Sorry, I think I meant Hermitian operators. Thank you for the replies but it doesnt help me very much but I think thats maybe because im asking hthe question wrong! :S

What im asking is how I would recognise the answer as a Hermitian in particular? Is it hermitian because...
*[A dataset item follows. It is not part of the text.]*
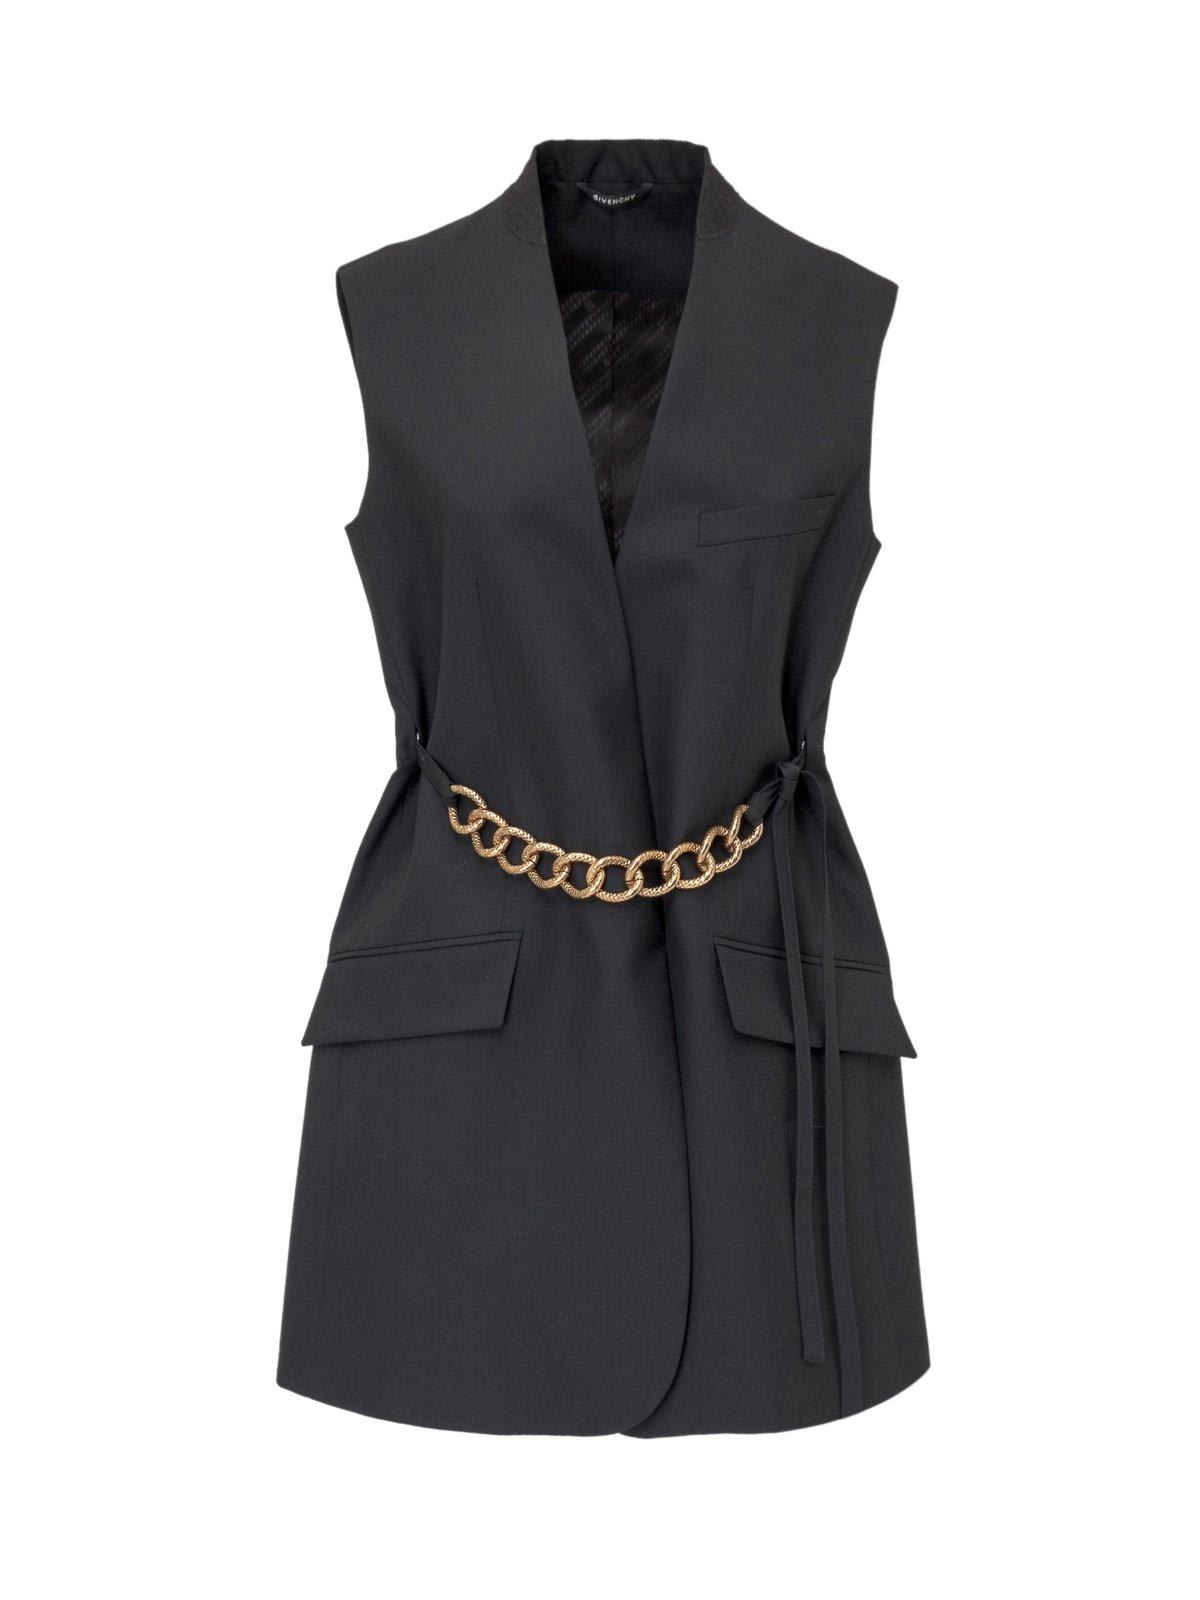 Givenchy Chain Embellished Sleeveless Jacket

($$\hat{O}$$$$^{dagger}$$)$$^{dagger}$$

is $$\hat{O}$$ and thus Hermitian and thus because Hermitian Operators are commutative Hermitian + Hermitian = Hermitian ?

malawi_glenn
Homework Helper
Well you basically have everything you need:

i) a hermitian operator fulfills: $$\hat{O}^{\dagger} = \hat{O}$$

ii) $$A+B=B+A$$

Then what is:

$$(\hat{O} + \hat{O}^{\dagger}) ^{\dagger}$$

?

oh i see, so...

$$(\hat{O} + \hat{O}^{\dagger}) ^{\dagger}$$ = $$\hat{O}^{\dagger} + \hat{O}^{\dagger}^{\dagger}$$ = $$\hat{O} + \hat{O}^{\dagger}$$

thus proving it is hermitian. Ok, so, in a similar vein...

$$\hat{O}\hat{O}^{\dagger}$$ = $$(\hat{O}\hat{O}^{\dagger}) ^{\dagger}$$ = $$\hat{O}^{\dagger}\hat{O}^{\dagger}^{\dagger}$$ = $$\hat{O}\hat{O}^{\dagger}$$

thus proving IT is hermitian ?

George Jones
Staff Emeritus
Gold Member
Ok, so, in a similar vein...

$$\hat{O}\hat{O}^{\dagger}$$ = $$(\hat{O}\hat{O}^{\dagger}) ^{\dagger}$$ = $$\hat{O}^{\dagger}\hat{O}^{\dagger}^{\dagger}$$ = $$\hat{O}\hat{O}^{\dagger}$$

thus proving IT is hermitian ?
The end result is correct, but the second-last equality is wrong.

malawi_glenn
Homework Helper
I dont understand, you now want to PROOVE that $$\hat{O}$$ is a hermitian operator? That is a property that is given to you as a fact, you can't proove that unless you know what $$\hat{O}$$ explicity is. Or do you want to proove that given $$\hat{O}$$ is hermitian, the product $$\hat{O}\hat{O}^{\dagger}$$ is hermitian?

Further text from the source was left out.